Chicken breast and prawns with Provencal herbs in a creamy pistachio Dijon sauce

  • 30g butter
  • 2 tbsp olive oil
  • 8 prawns, shells on
  • 4 boneless, skinless chicken breasts (225g each)
  • Salt and pepper
  • 240ml dry white wine
  • 240ml chicken stock
  • 1 shallot, chopped
  • 2 cloves garlic, chopped
  • 240ml double cream
  • 1 1/2 tsp Dijon mustard
  • Few drops fresh lemon juice
  • 2 tbsp herbes de Provence
  • 15g pistachios, chopped
1) Heat the butter and olive oil in a large, deep saute pan or Dutch oven over a high heat. Add the prawns and saute, stirring occasionally until the prawns turn pink, about 2 to 3 minutes. Remove from the heat and set aside on a plate.

2) Season the chicken breasts with salt and pepper on both sides, reduce the heat to medium, and then place them in the pan (there should still be some butter and oil in the pan; if not, add a little more). Cook the chicken over medium heat for 3 to 4 minutes on each side.

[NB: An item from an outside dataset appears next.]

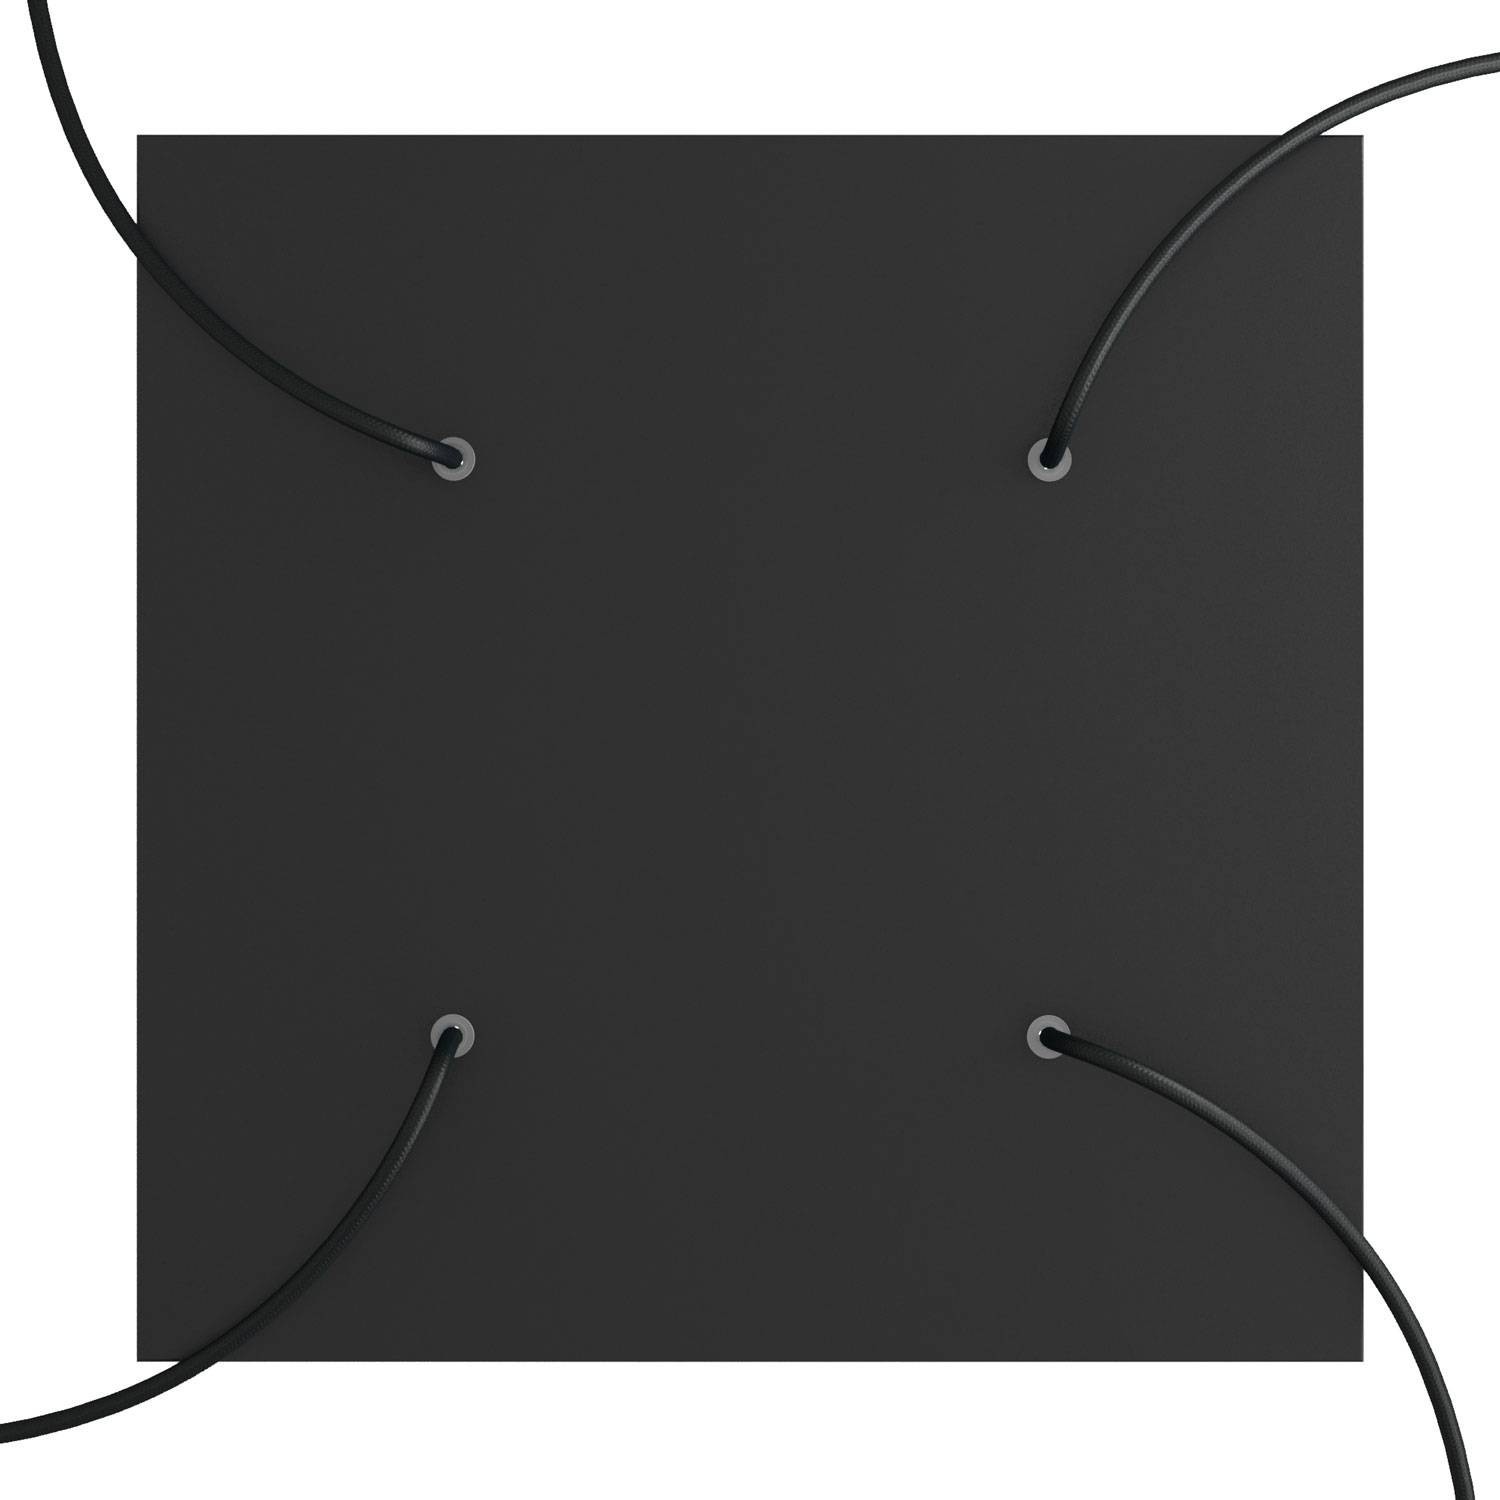 Komplett 400mm takkopp Rose-One System kvadrat - 4 hål og 4 sidehål
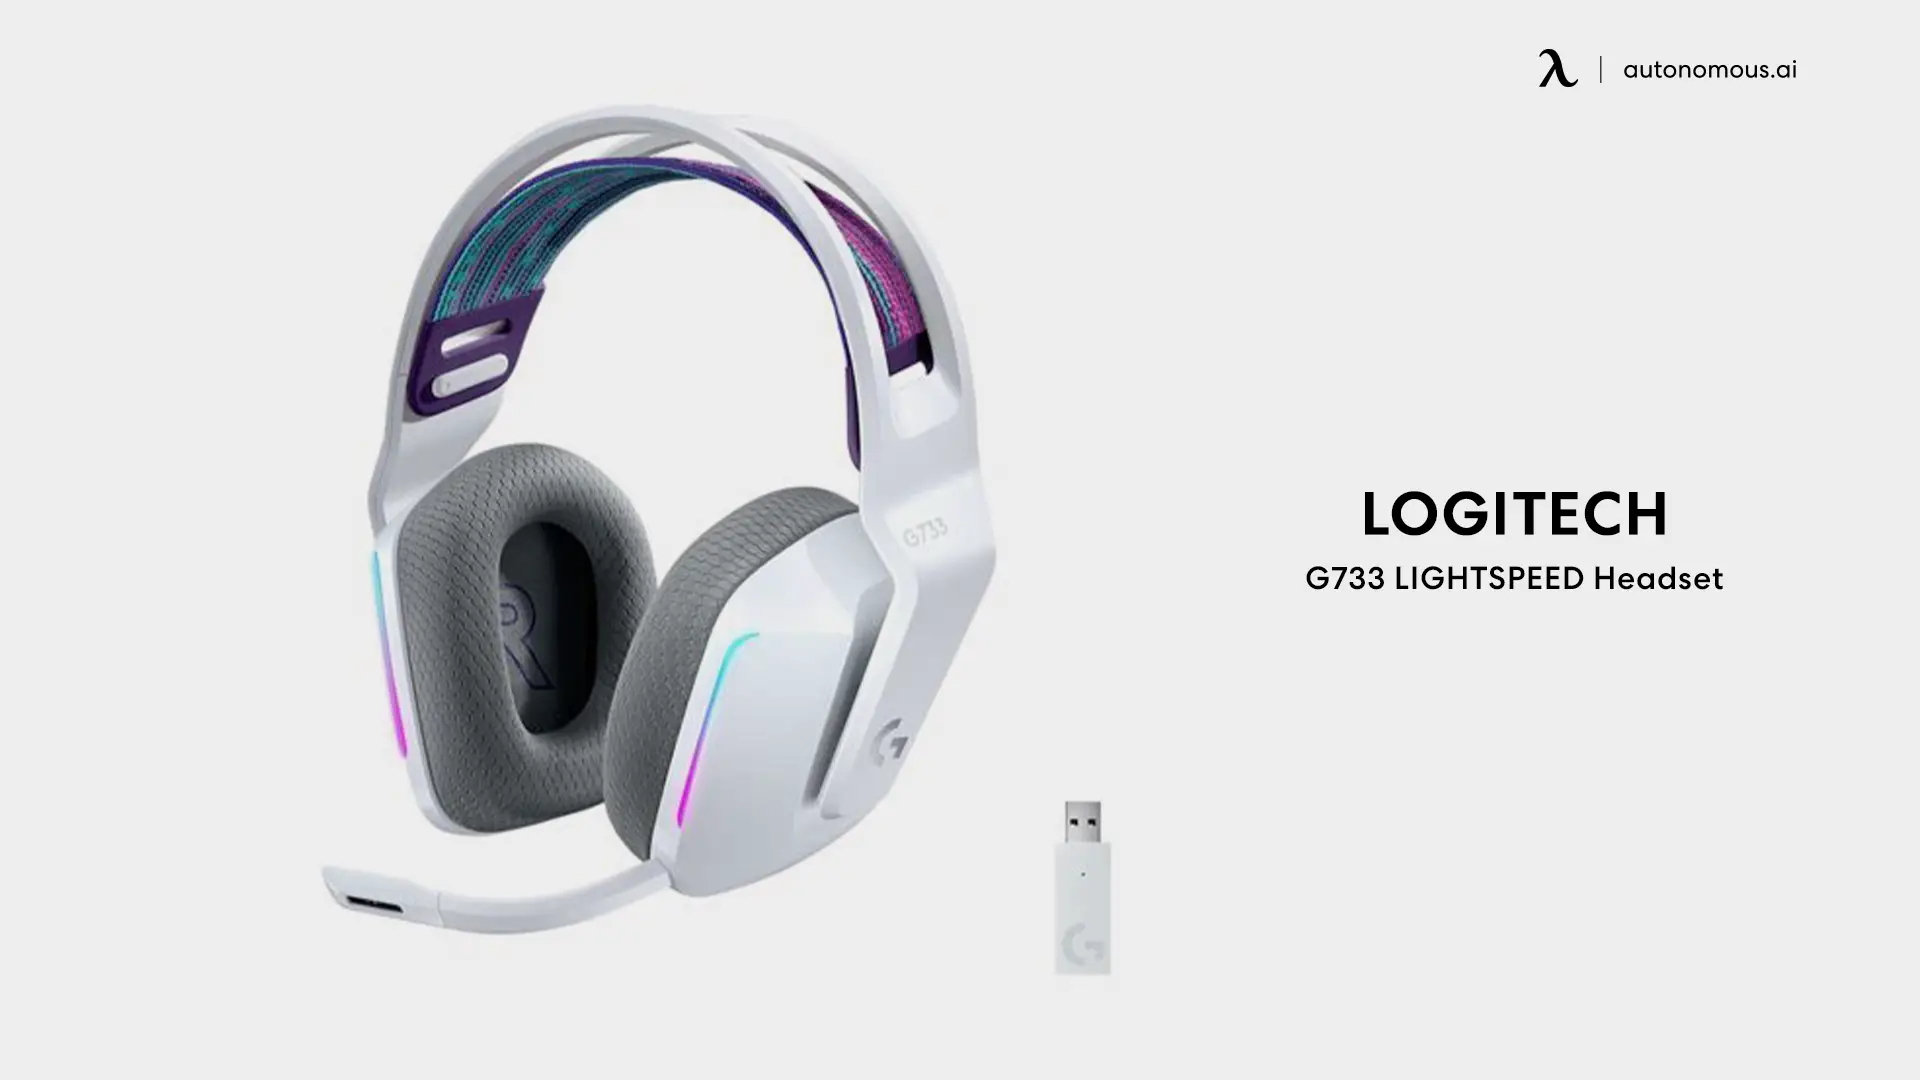 G733 LIGHTSPEED Headset from Logitech

3) Add the wine, followed by the chicken broth, shallot and garlic; cook for another 6 to 8 minutes or until the chicken is fully cooked through. Remove the chicken and set it aside on a plate.

4) Add the cream, mustard, lemon juice and herbes de Provence to the pan and stir to combine. Remove he pan from the heat.

5) Peel the shells from the prawns. Transfer the prawns to a bowl. Return the sauce to the heat, bring to a boil, and simmer until thickened slightly, about 2 to 3 minutes. Return the chicken and the prawns to the pan and reheat for 1 to 2 minutes. Sprinkle in the pistachios and then divide among 4 plates.